Well, Chair Powell hardly pushed back on what he said last week at the FOMC meeting. Indeed, the algos were ready when he mentioned again that the disinflationary process had begun. Stocks went bid and the dollar sold off. But he caveated this by saying we are at the very early stages. He added that if the strong labour market continues, the Fed may need to hike rates more than what is priced in. Markets then reversed.

All in, it’s a tricky time deciphering central bankers and market volatility. Powell gave little new information and isn’t swayed by one NFP headline. Moves are choppy but the risk rally since the start of the year has lost some steam this month. For sure there is an improved growth outlook. But more strong jobs data and lingering inflation pressures could see the “higher for longer” rates theme catch on. Certainly, data is now all important. The next big market mover is Tuesday’s US CPI report.
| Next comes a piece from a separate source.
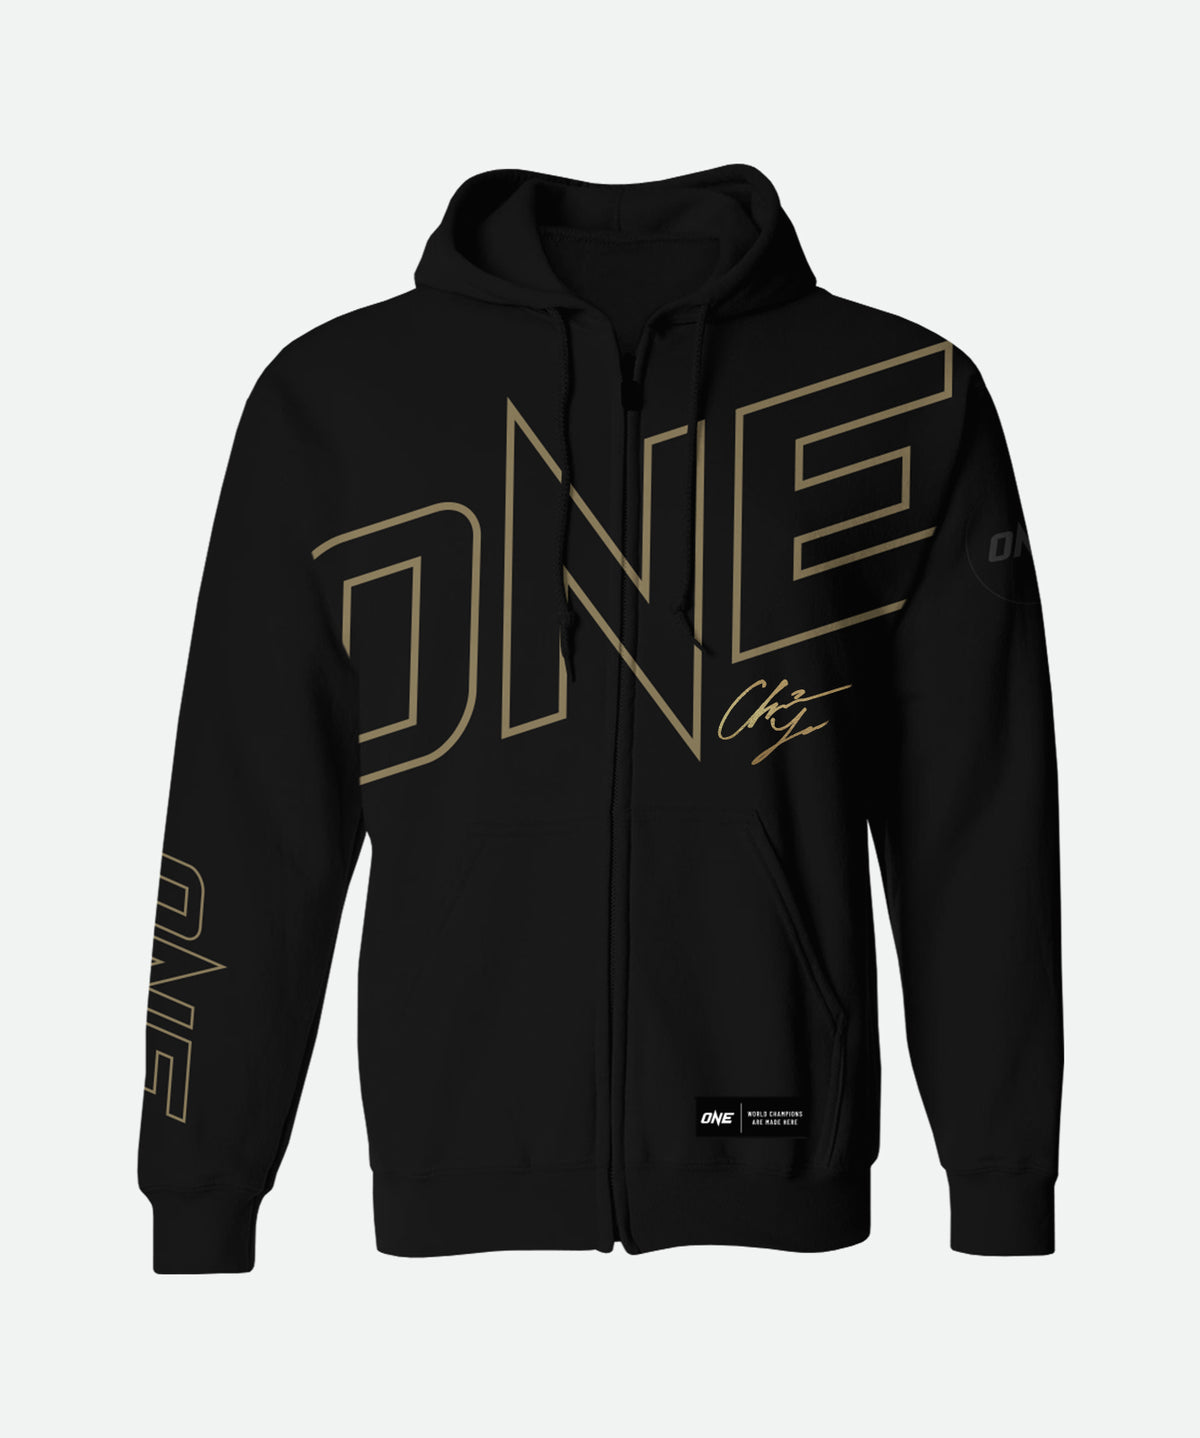 ONE World Champion Walkout Zip Autographed Hoodie (Christian Lee)

Chart of the Day – USD/JPY upside move stalls

USD/JPY saw its biggest upside gap since April 2017 on Monday. This came on the reports that a continuity candidate is in line to take over from the uber-dovish Governor Kuroda whose term finishes in April. We may get an nominee announcement to be put to Parliament as early as next week. All those bets on policy normalisation may need to reverse. These followed the December tweak to the BoJ’s YCC trading band.

That said, we’ve seen the strongest wage growth in 25 years this week in Japan. The recent data heap more pressure on the new Governor. Kuroda has long touted earnings growth as the key to reviving sustained inflation in the economy. We are also approaching the wage negotiation season which will be followed closely. USD/JPY has broken out of its descending bear channel .The 50-day SMA capped the upside at 132.36. The 50% mark of the 2022 rally is at 132.70. Support sits at the top of the channel around 129.65.